§ PROBLEM TO WORK ON:
Exact transcription of the data below is required, without the images.

§ DATA BELOW:

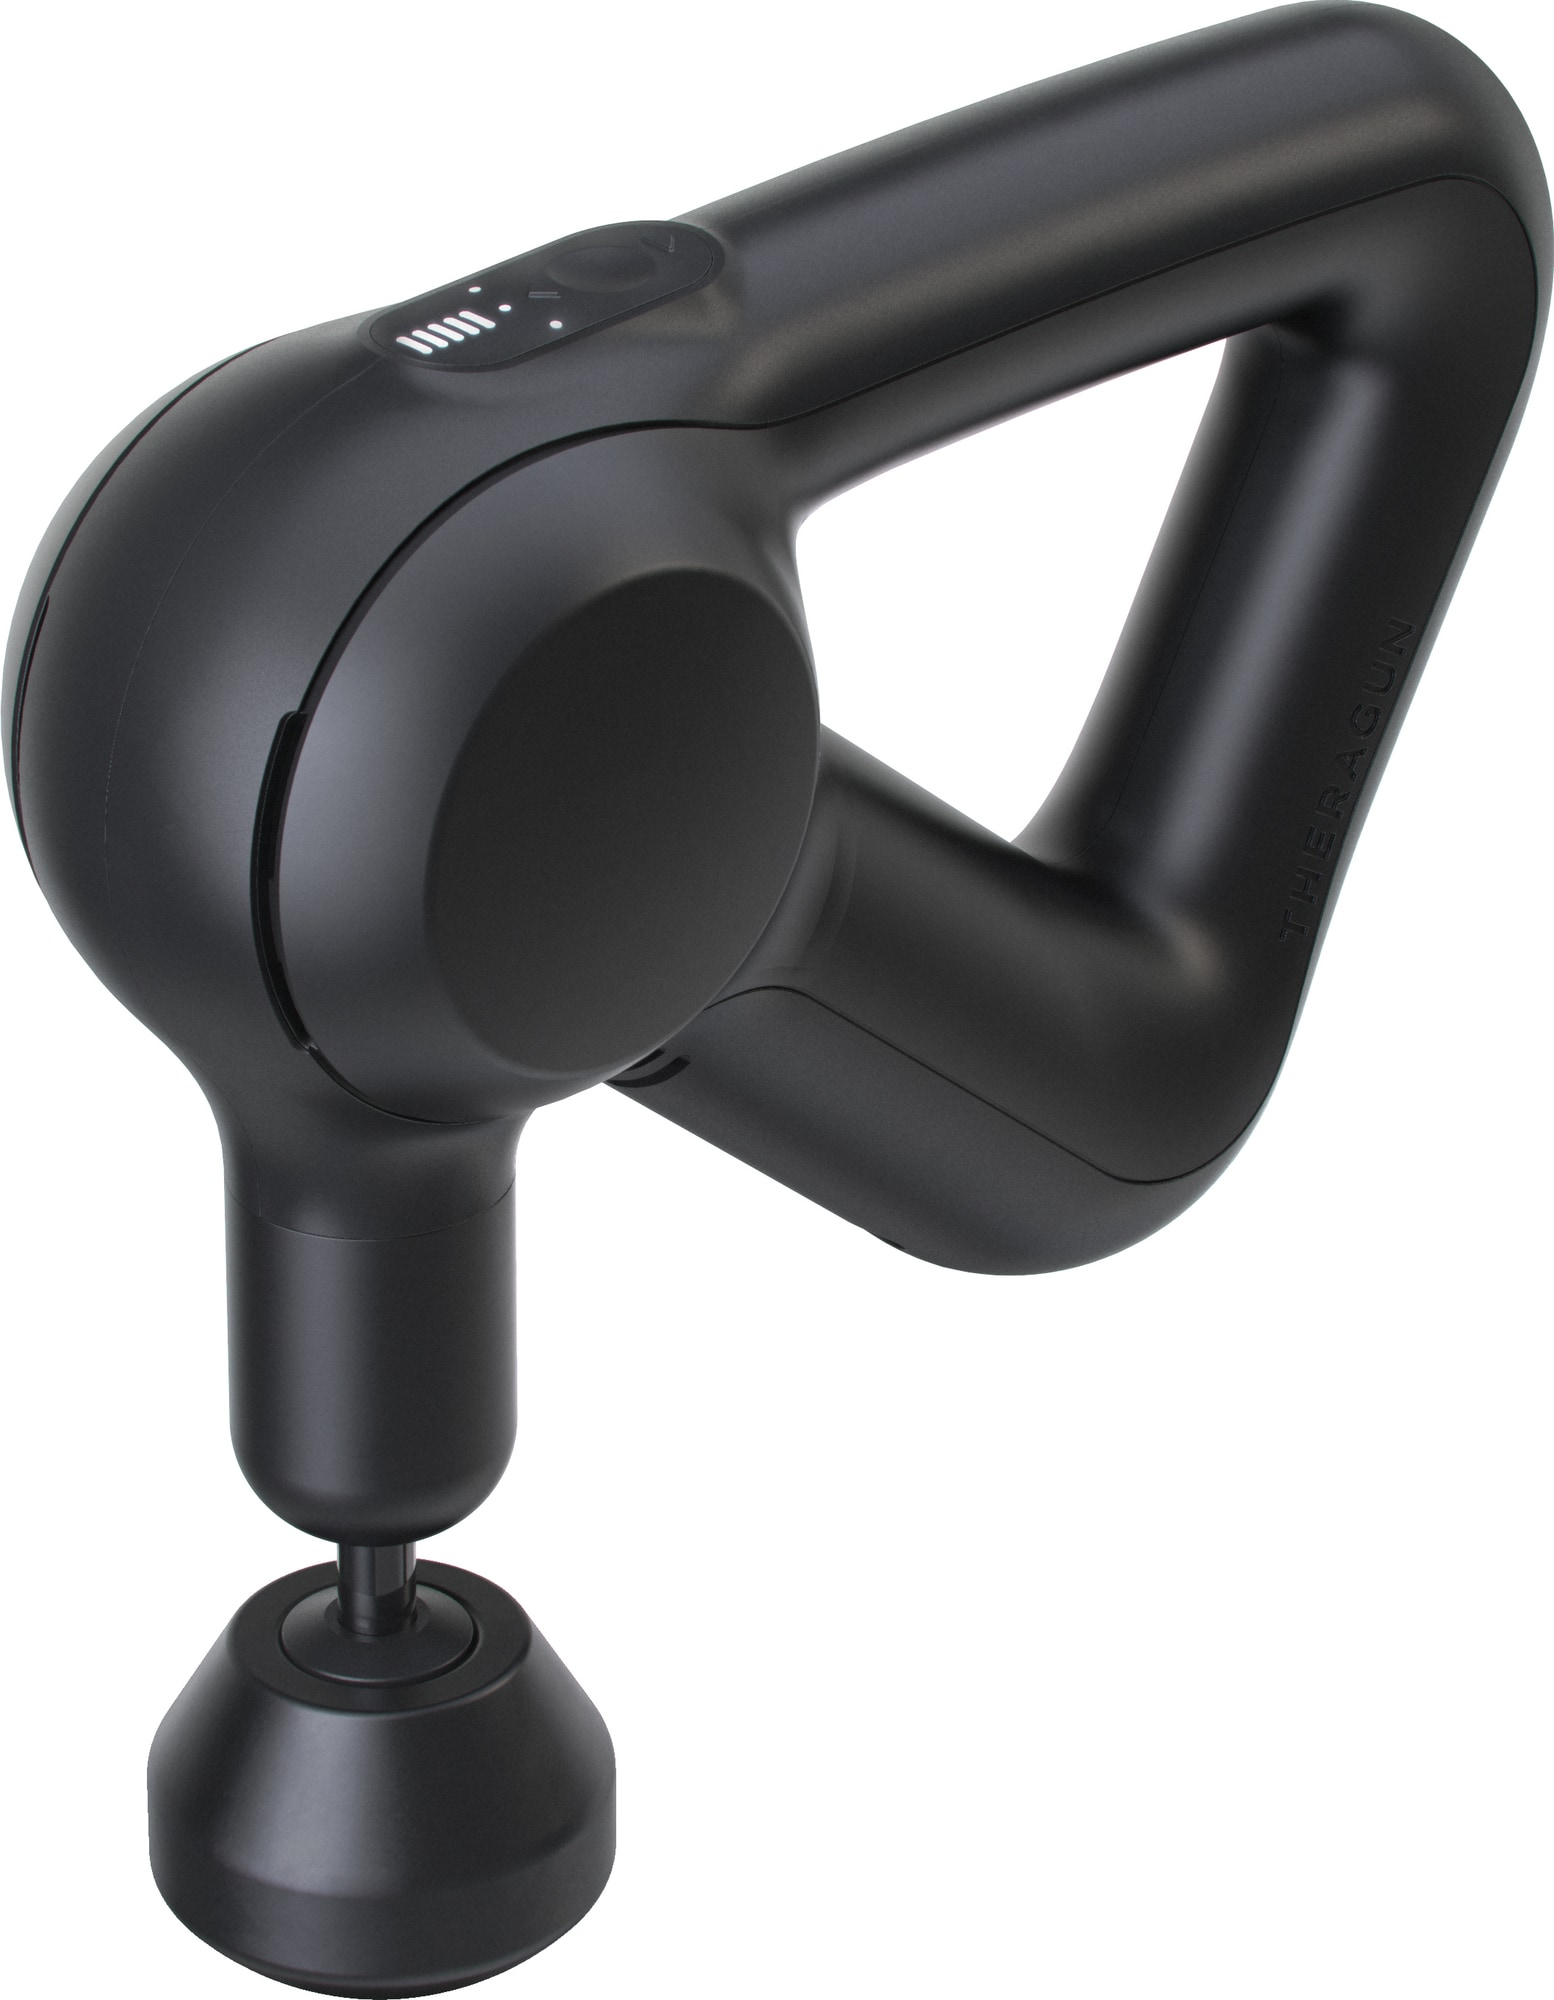 Theragun Prime 4th Gen Percussive Therapy Massager by Therabody thumbnail
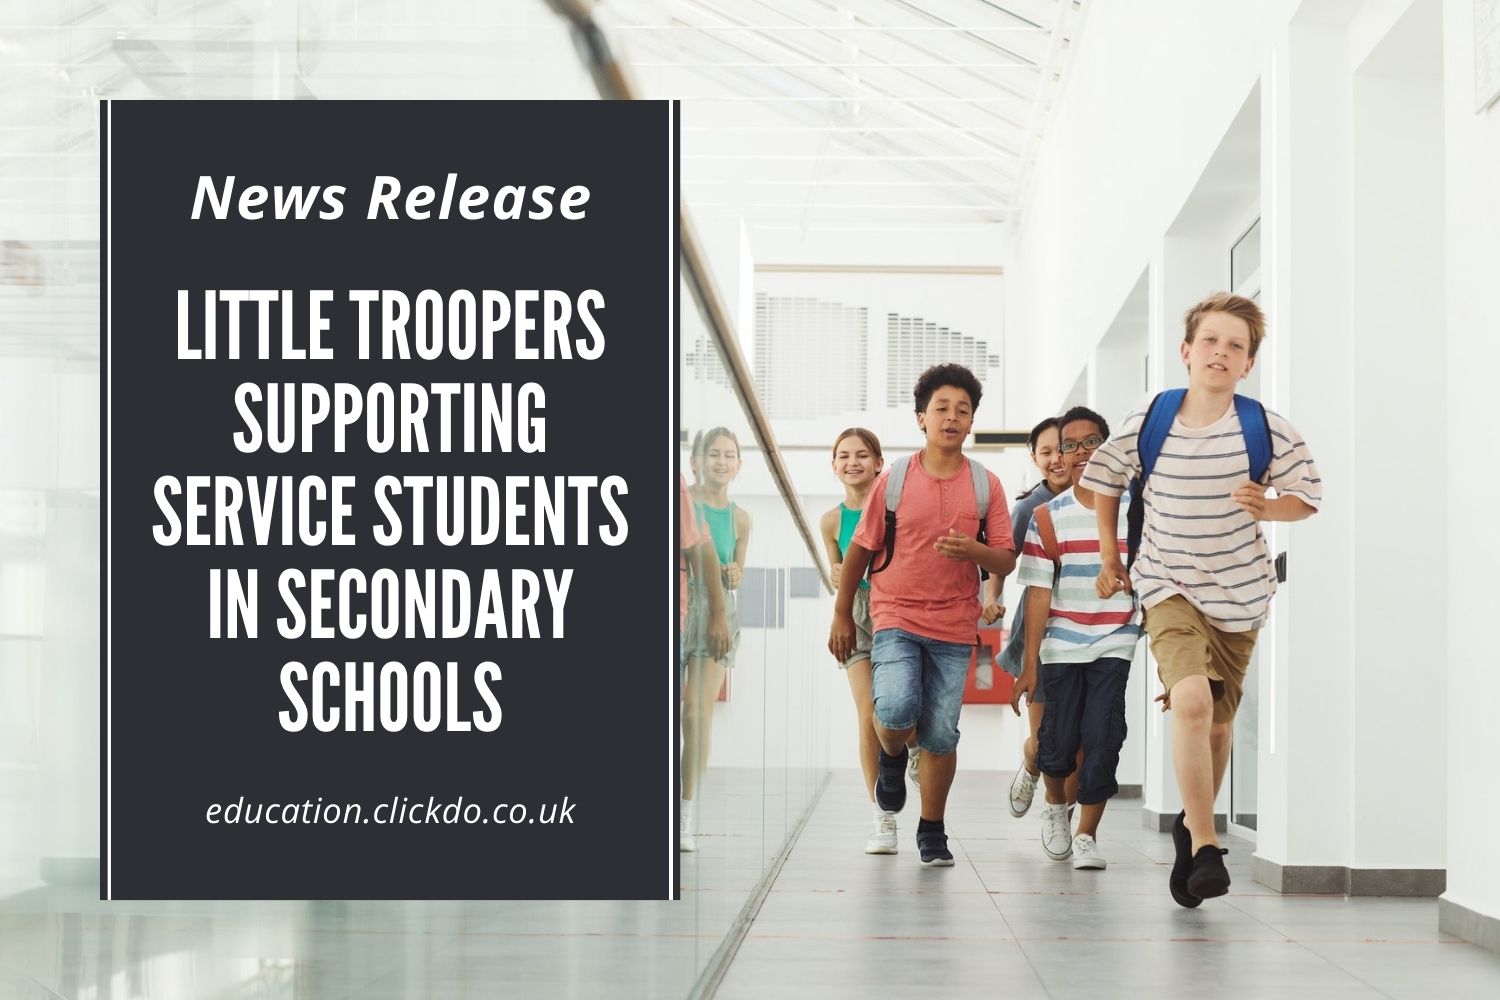 News Release Little Troopers Supporting Service Students in Secondary Schools
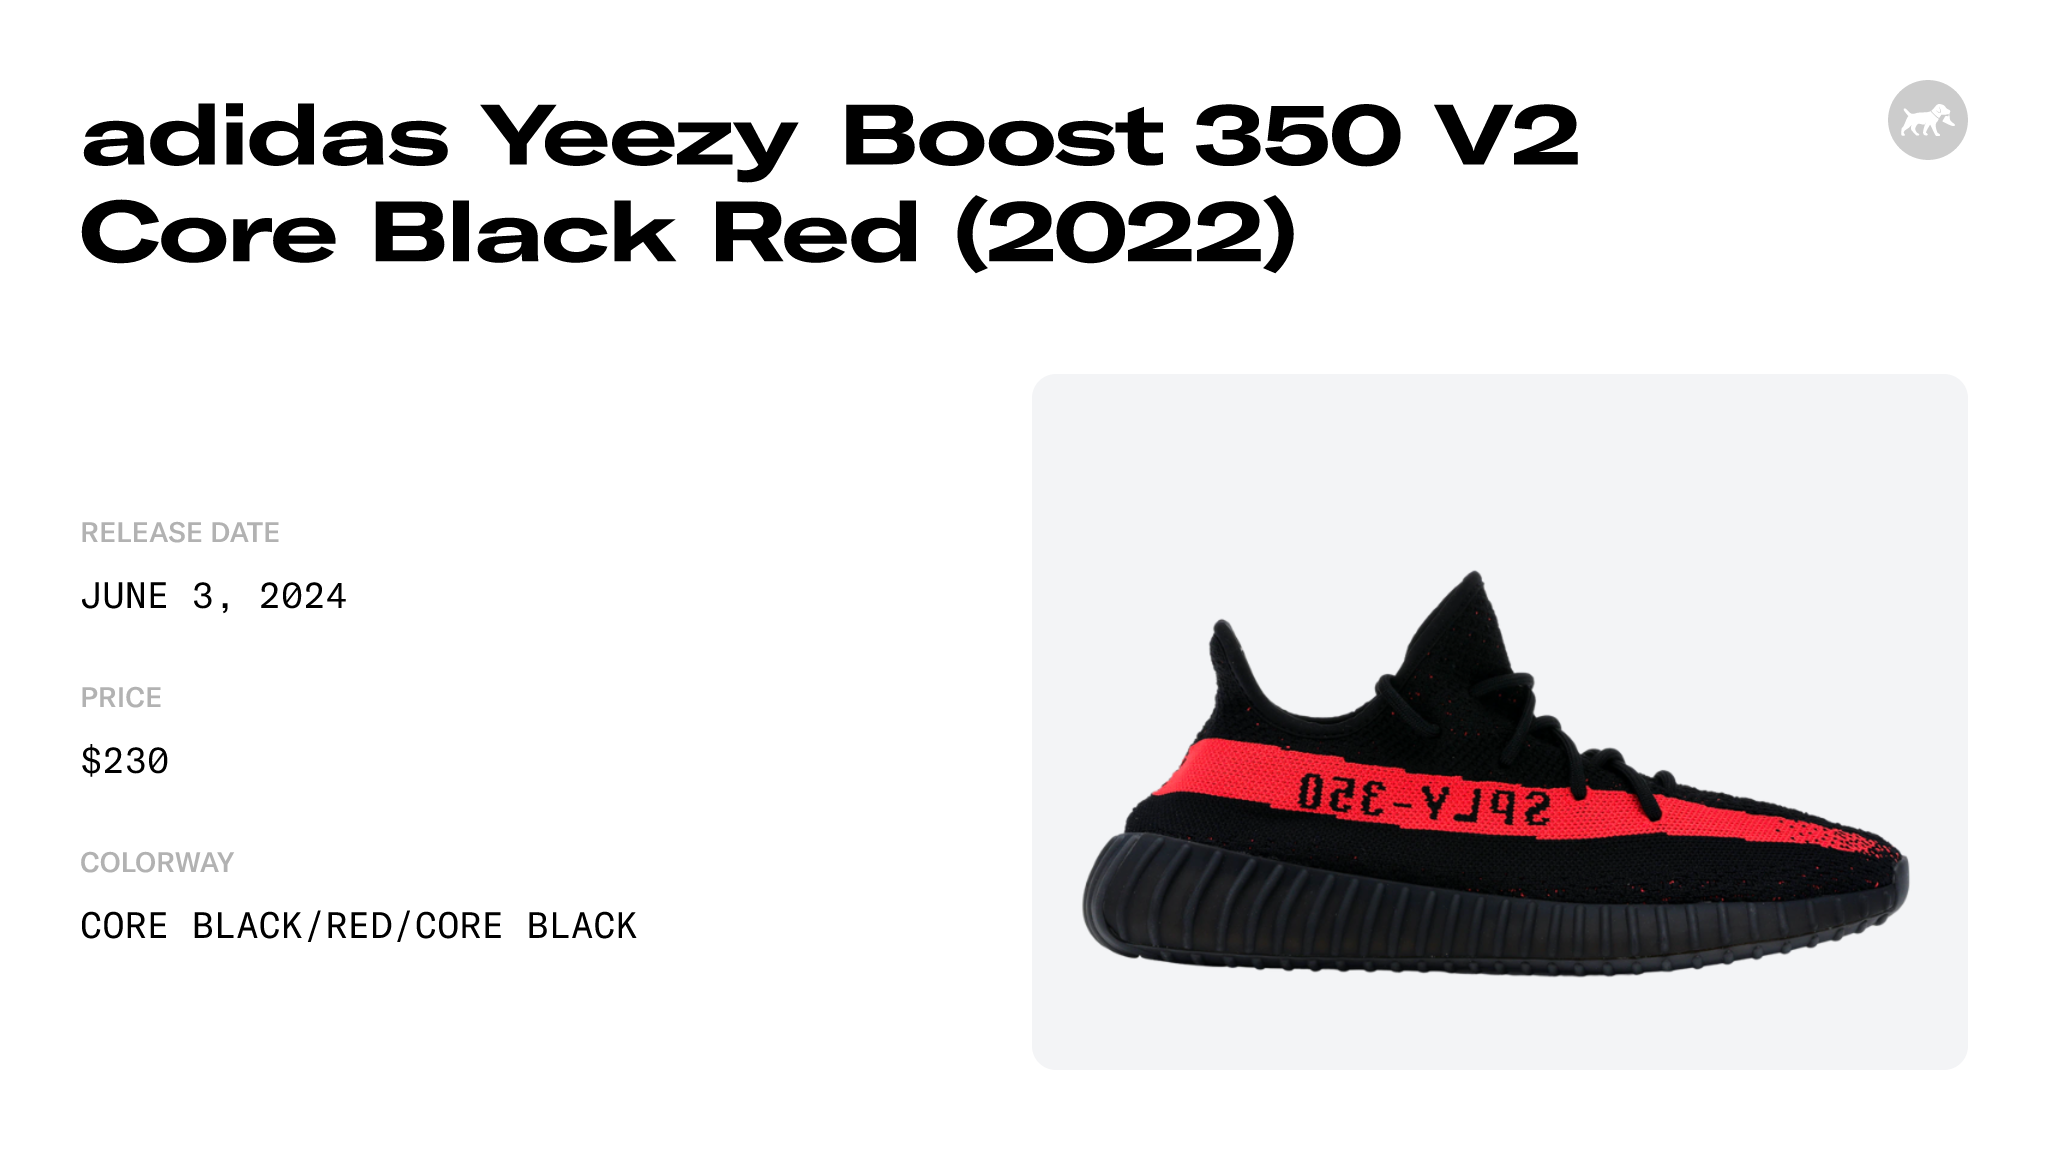 adidas Yeezy Boost 350 V2 Core Black Red (2022) - BY9612 Raffles

§ WRITTEN REPLY:
 Theragun Prime 4th Gen Percussive Therapy Massager by Therabody thumbnail
 News Release Little Troopers Supporting Service Students in Secondary Schools
 adidas Yeezy Boost 350 V2 Core Black Red (2022) - BY9612 Raffles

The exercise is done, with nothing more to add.